Thursday, March 8, 2007

A Cultural Studies-Critical Pedagogy Tag Team

To be honest, Lindquist’s article was probably the most challenging of all for me—mostly because I found the first 13+ pages problematic at best (and unnecessary and irrelevant, at worst) and because—probably due to my own poor understanding of her analysis—it appeared to me that she missing the big picture when it came to cultural studies and its possible use within a critical pedagogy.

Muksian-Schutt seemingly validates a cultural studies approach, and her engagement of it is refreshing. She recalls how when examining Pat Bizzell's model of contact zones, she was "intrigued by the use of multiple forms of 'text' as a way to help students access their positions" and that "It seemed only logical that since art forms such as musical lyrics impact students, using these art forms in an argument class might provide students with the tools to study and express their positions and perhaps even to understand their positions better, 340). Muksian-Schutt uses lyrics from The Boss’ “Nebraska” in her piece, and I’ll use a few lines from arguably one of the best lyricists of all time, Jarvis Cocker, frontman for arguably one of the most underrated bands of all time, Pulp, to vent my frustration here. Pulp’s biggest hit (#2 on the UK charts) was a song called “Common People” (William Shatner does a cover of it for his album _Has-Been_, for those playing at home).

The song’s persona meets a fellow art student at university; she comes from a wealthy family but she “wants to live like common people"--she finds glamour in poverty (this is sometimes referred to as “class tourism”). The chorus of the song is:

“Rent a flat above a shop
Cut your hair and get a job
Smoke some fags and play some pool
Pretend you never went to school
But still you'll never get it right
`cos when you're laid in bed at night
Watching roaches climb the wall
If you called your dad he could stop it all (yeah)

You'll never live like common people
You'll never do whatever common people do
You'll never fail like common people
You'll never watch your life slide out of view

And then dance, and drink, and screw
Because there's nothing else to do”

Did anyone else get the impression that this was the kind of life that Lindquist led as a *grad student*, tending bar at a *restaurant* in a *suburb* of Chicago? She sets herself up as being from the area and identifies herself as “working class”--and this “authenticity” is crucial for her, in a way, until 15 pages later when she pulls the rug out from under herself and admits it’s “bullshit." I wouldn't care either way, really, except that the tone she strikes toward the "working class" throughout the piece--one I would refer to as mildly disdainful--belies both her self-representaion (even if *some* of the "regulars" picked fights--and it seemed to me like it was more like teasing) *and* her conclusions. But first, the set-up. On page 170 she says, “As a teenager growing up in a blue-collar neighborhood, I experienced bars as an important rite of passage from childhood to adulthood—one that has a functional parallel, I would venture, the passage undertaken by young middle-class adults first going ‘away’ to college. My experience, while perhaps not universal, is far from unique.”

She’s right—her experience was neither universal nor unique.
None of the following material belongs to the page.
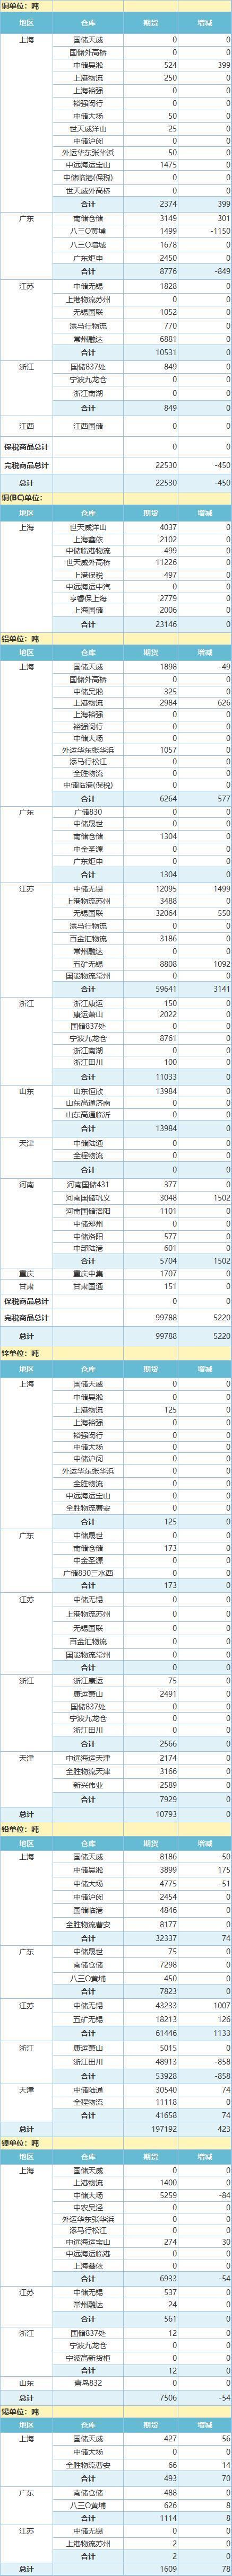 9月14日上海期 货交 易所金属库存日报
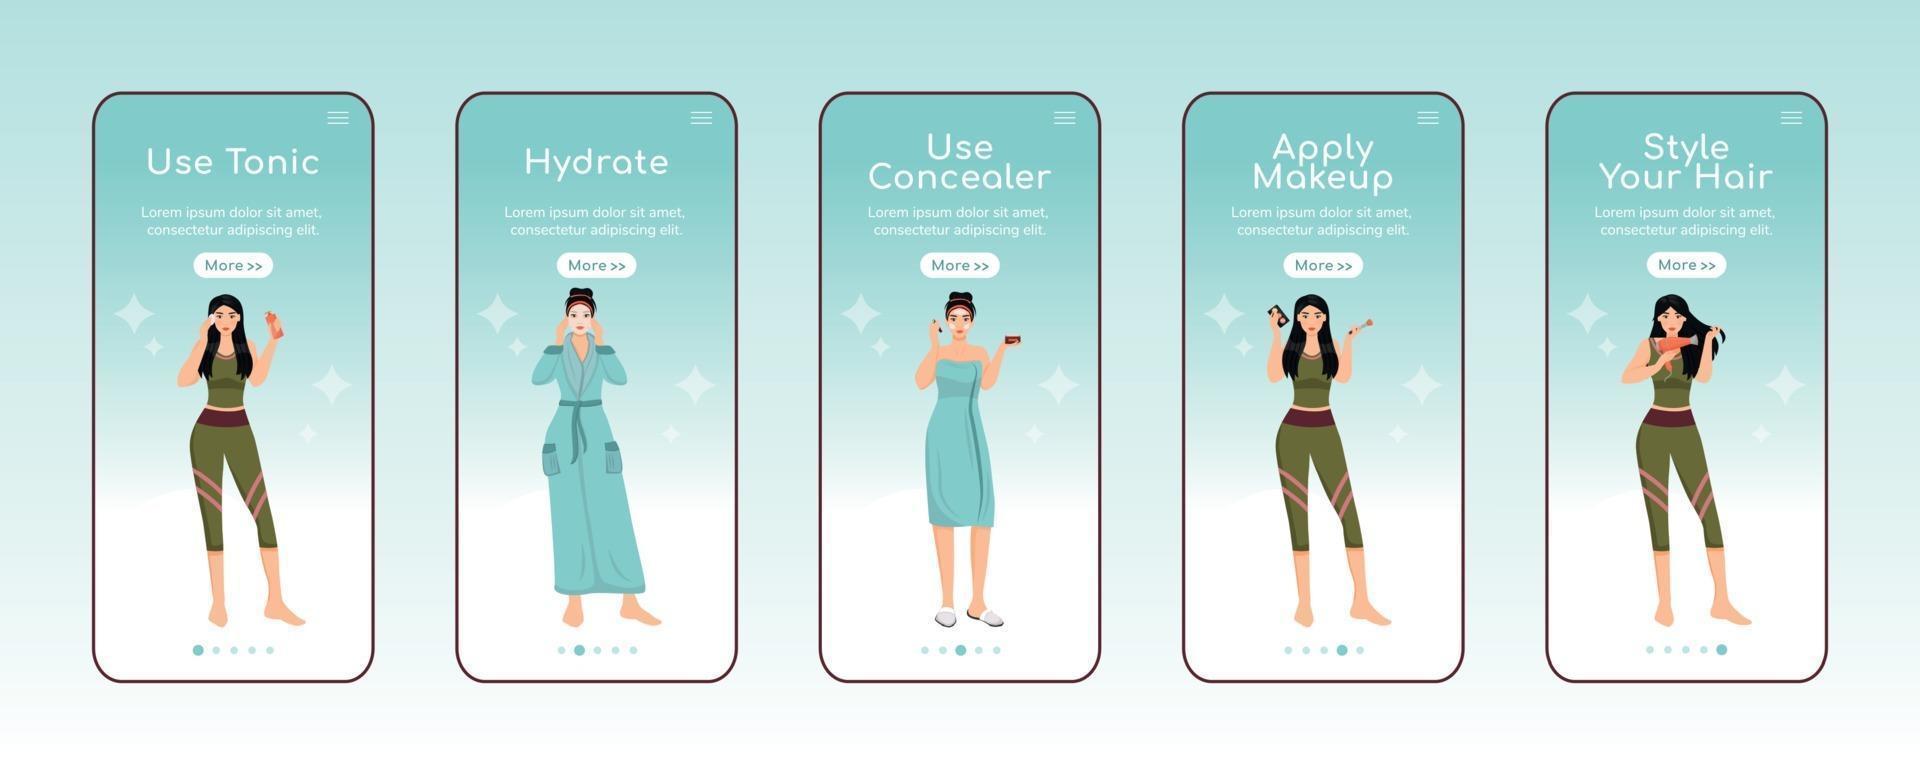 huidverzorging voedende stappen onboarding mobiele app-scherm platte vector sjabloon. toner gebruiken. walkthrough website stappen met karakters. ux, ui, gui smartphone cartoon-interface, set hoesjes

I had a very similar experience, myself—minus the great bartending gig at a restaurant in a suburb of one of the wealthiest cities in the country. I’m a first generation college student. I came up in a pretty much all-black neighborhood (did any one else notice that Lindquist’s “working class” seems to be all white? I mean, she comes out and says it at a couple of points--but usually she just uses "working class," unqualified). My moms were both factory workers. They frequented a bar, pretty much nightly—and so I often frequented that bar when I was younger (a real dump--no restaurant attached) a few nights during any given week—but not to tend bar, just to have a place that was relatively warm and well-lit enough for me to read and do my homework. I think I have a pretty good idea of what constitutes any approximation of a “working class” in the U.S. (a problematic formulation, by Lindquist’s own admission). I gotta say—I don’t think she’s representing it. It’s way too multifaceted, too complex, for any one to speak of accurately using the homogenizing, reductionist language that she does. Class in this country is bound up with issues of race, gender, political affiliation, regional identity (urban vs. rural), industry, and so on. To gloss over these differences is to miss a big part of the conversation, and the problem is that her whole piece basically rests on this construction (even though she claims several times that she knows there is no such thing). At other moments, she seems to concede that what she's really talking about is what I'd be more apt to refer to as political affiliation and cultural identity (that's different than class). She talks about these students' "apparent political conservatism" (184) and the piece is peppered with references to "red necks," even if she puts the words in other speakers' mouths.

Lindquist's overall project, in my opinion, (eventually) relates back to seeing the *classroom* as a kind of contact zone, which connects her back, of course, to Muksian-Schutt (and Pratt), Shen and Bean (for reasons I discussed in my last post a couple days ago). After spending 13+ pages of (faux-) “ethnography” establishing a false dichotomy between a monolithic (all white, all suburban, all conservative, all "redneck") "working class" (one that she extrapolates from an infinitesimally small sample and in a country that barely acknowledges “class” as a significant category to begin with) and what she considers to be the "middle class" university establishment (I won’t even get into that—I could write a second post as long as this one), Lindquist finally gets to what I think is the heart of the matter. On page 183, she asserts that, "The way to persuade working-class students of the value of what-if, then, is to openly acknowledge functional parallels between the rhetoric of the barroom and that of the classroom. This means that we would make the nature of institutional discourse the focus of our pedagogy, and would encourage students to think about how speculative rhetoric can be of value to them as capital, how it can be useful as currency in the marketplaces in which they wish to participate. Examining how what-if can be useful as an instrument in the academic marketplace might then invite inquiries into how much philosophical and instrumental rhetorics are differences in kind, and to what degree they suggest differences in context. The language of action and use may help to invest us with the authority to persuade students that writing has important uses even when it isn't being useful."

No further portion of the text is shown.